Por Andreia Marques Pereira ,

A inspiração vem dos (loucos) anos 20 dos cabarets e da boémia mas há traços identitários incontornáveis no novo Era Uma Vez em Paris: um certo ar de família que quer abrir-se à cidade sem perder a personalidade orgulhosamente alternativa.

Há um lado solar e um lado lunar neste Era uma Vez em Paris portuense, e isto significa que dia e noite têm personalidades vincadas. Não chocam, são as duas faces da mesma moeda que é o mais recente habitante do epicentro da noite portuense (para os mais distraídos, a Rua das Galerias de Paris). São dois projectos que se aliaram debaixo do mesmo tecto e como todos os que servem dois amos também aqui hátwists para agradar a ambos, o sol e a lua.

O nome é de família, podemos dizê-lo - e o negócio também é de família, mas já lá iremos. Há um irmão mais velho, que até é quase vizinho, o início desta história que, já vimos, começa sempre da mesma maneira. Era uma Vez no Porto e era o (parece já longínquo) ano de 2005. Foi uma espécie de pedrada na cidade e pôs algum Porto a desembocar regularmente no Passeio Alegre a ver o rio a chegar ao mar para usufruir de um conceito ainda raro na época: um salão de chá e bar acompanhado de cabeleireiro e antiquário, loja de roupa, de música, de bicicletas - os inquilinos mudavam regularmente na grande casa antiga a dois passos da Fundação Eugénio de Andrade.

Constante foi mesmo o salão de chá, que rapidamente se tornou bar de uma imensa minoria que se espalhava nas suas salas, todas com ambientes diferentes, a escutar as mais recentes novidades musicais do espectro alternativo. As lojas começaram a ficar pelo caminho à medida que o bar se apoderou de mais compartimentos da casa que até gato tinha.

Quando a noite portuense se "encontrou" na órbita dos Clérigos, o Era uma Vez no Porto foi atrás: trocou a casa por um apartamento com vista para a torre; deixou cair o conceito de múltiplas valências, que o próprio edifício proporcionava, pelo bar que era a alma do projecto; perdeu em espaço o que ganhou em centralidade.

"Foi um processo natural", recorda Nelson Pedrosa, o sócio-gerente, "porque na altura todos os bares acabaram por vir para a Baixa." "Não fazia sentido estar num enclave", continua, "onde as pessoas tinham de ir de propósito." A mudança foi bem sucedida: o "Era" manteve os clientes de sempre e ganhou outros que não o conheciam dos tempos em que a noite do Porto se fazia por toda a cidade.

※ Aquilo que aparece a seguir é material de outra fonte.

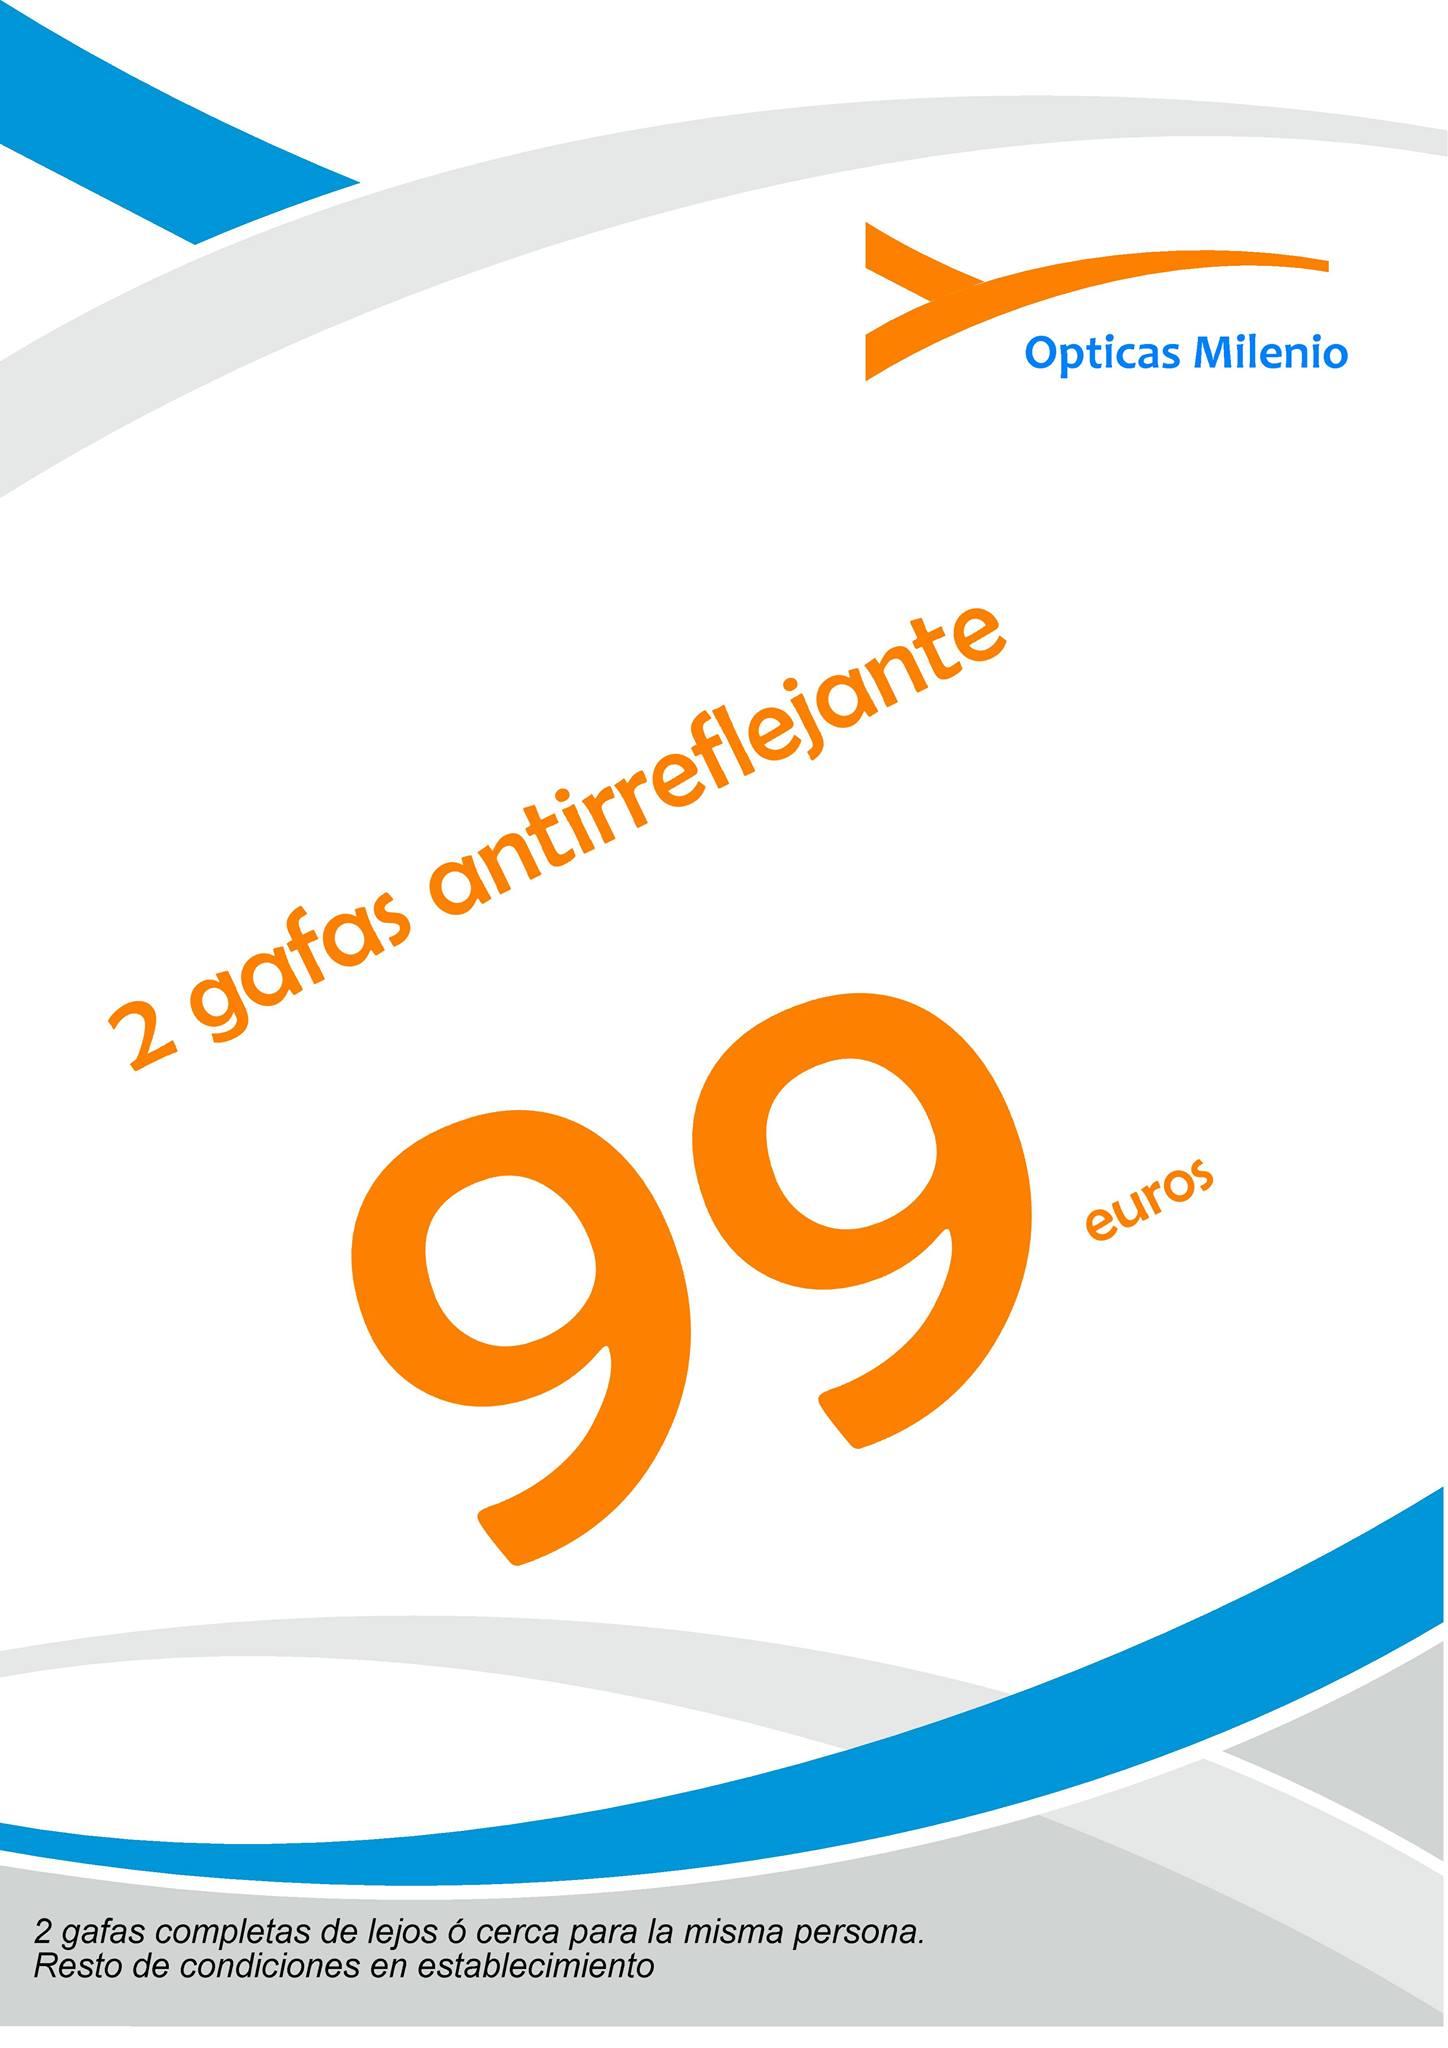 ÓPTICAS MILENIO

E agora o conceito "Era" estendeu-se a algumas centenas de metros e uma esquina pelo meio, para chegar às Galerias de Paris a dois ritmos: o do dia, pela mão de Filipa Montalvão; e o da noite, pela mão do mentor de tudo, Nelson Pedrosa, e os seus dois sócios, a irmã, Célia Pedrosa, e o cunhado, Pedro Sousa. Os sócios idealizaram o novo Era Uma vez em Paris, espaço noctívago que apenas assim seria subaproveitado - por isso, subalugaram o espaço diurno à amiga Filipa que tinha um projecto à espera de "casa".

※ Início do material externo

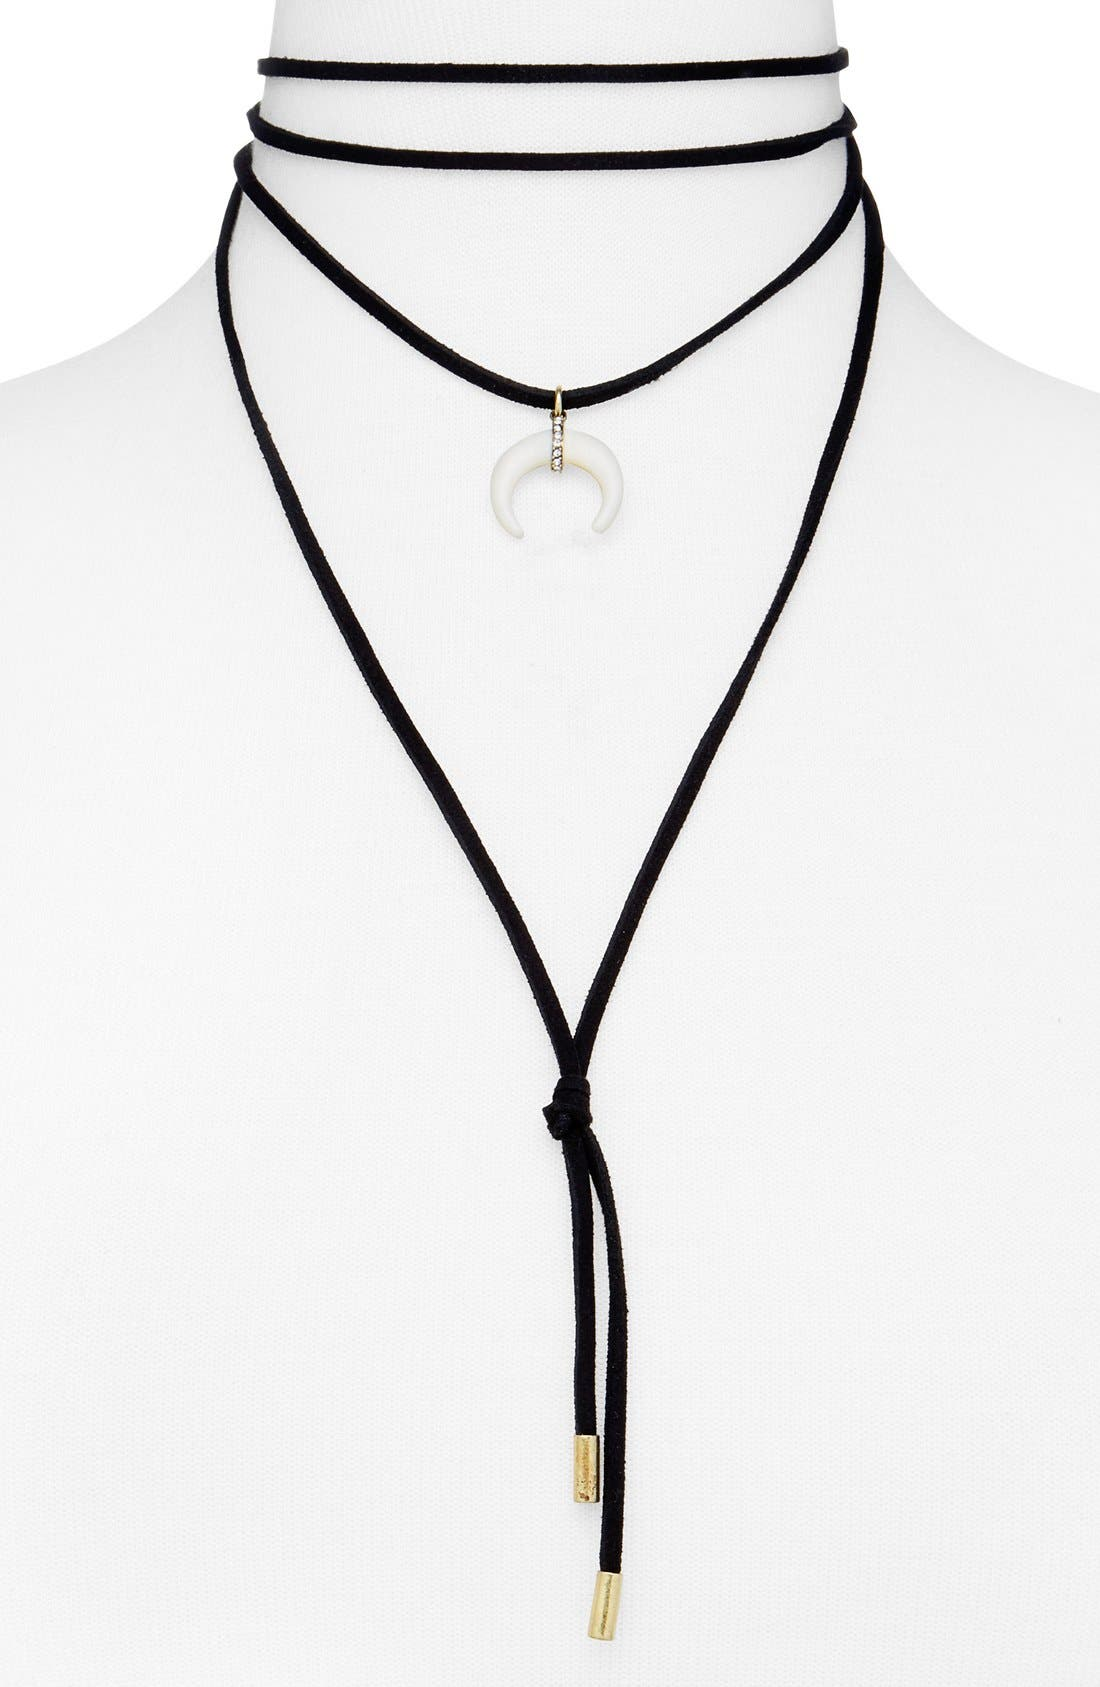 Main Image - BaubleBar Moana Lariat Choker Necklace

Estamos no Era Uma Vez em Paris by day como dizem as ementas espalhadas pelas mesas, vermelhas como são as paredes e chão deste espaço amplo com os pés na Rua das Galerias de Paris mas as janelas na Rua de Cândido dos Reis. É fim de tarde, a música já entrou em ritmo de transição para a noite mas ainda não se soltou totalmente (escutamos Passion Pit, mais cedo Feist e Gotan Project, por exemplo, podem ser banda sonora), as pessoas que entram, ficam e saem têm copos à frente, mas se há coisa que o Era uma vez em Paris tem durante o dia que não tem à noite é petiscos em forma de sandes, saladas e prato do dia. Esse era o projecto de Filipa, que aqui foi recebido de braços abertos.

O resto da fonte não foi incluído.